Financiers invite Twitter to relive crisis in real time
THERE ARE some in the City who would probably prefer not to relive the crash, but for those that do, a pair of financiers have taken to Twitter to track the banking crisis as it unfolded exactly five years ago.
The account, named Real Time Crisis, updates the painful events of the 2008 crash for an audience who have since grown used to 140-character updates.
One of the anonymous finance workers who set up the account told The Capitalist: “We thought people would find it interesting, especially in terms of the balance between what people thought was important at the time, and what was only noticed later.”
Yesterday, the founders reminded their followers of the short-lived surge in the London Stock Exchange after the enormous bailout for government-sponsored enterprises Fannie Mae and Freddie Mac.
Next Sunday will mark five years since Lehman Brothers, the fourth largest investment bank in the US, filed for bankruptcy.
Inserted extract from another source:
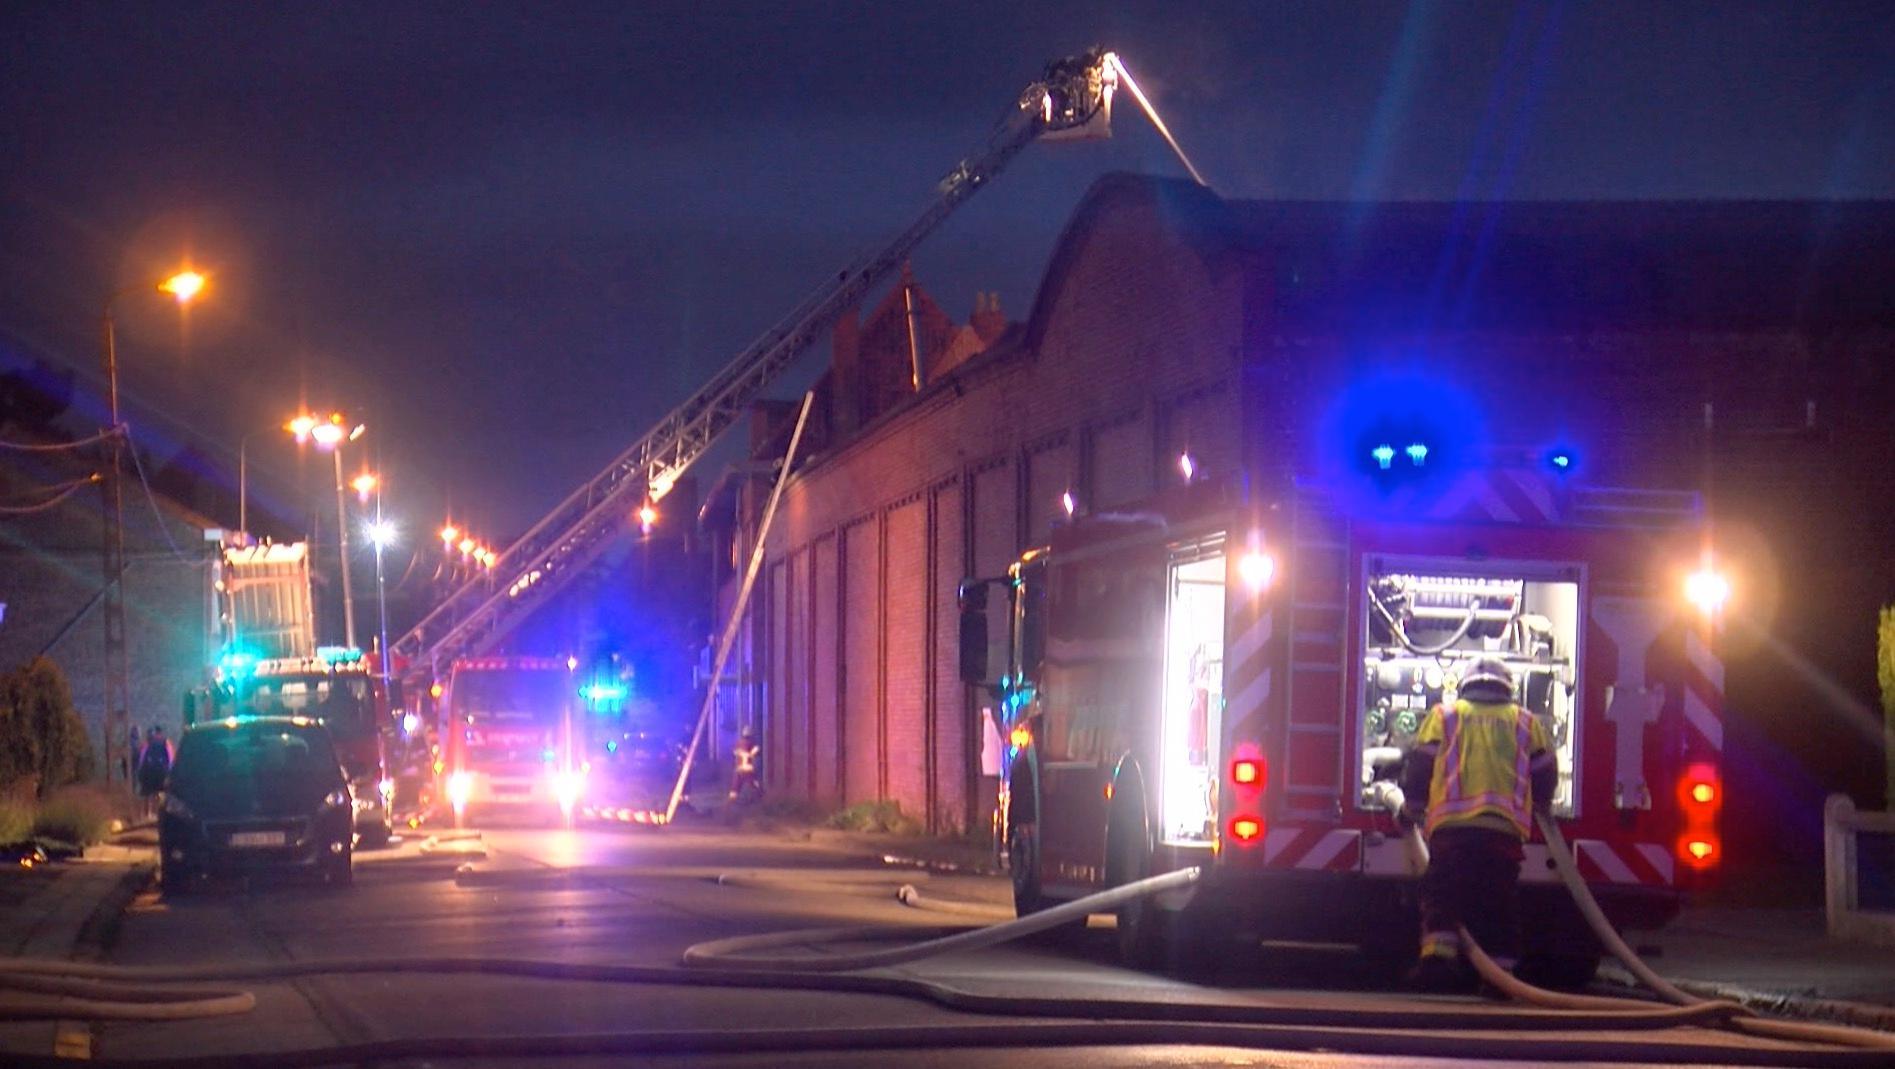 Incendie dans une usine désaffectée dans le quartier du Nouveau-Monde

In the coming weeks, crisis-watchers can look forward to the near-unprecedented hammering of US stocks that came afterwards (spoiler: they will later recover to hit record highs less than five years later).
The account can be found at @TBTFlive, coined for the “too big to fail” honorific given to major banks.
After picking up 900 followers in its first three days, the founders seem to have found a popular niche among the City’s tweeters.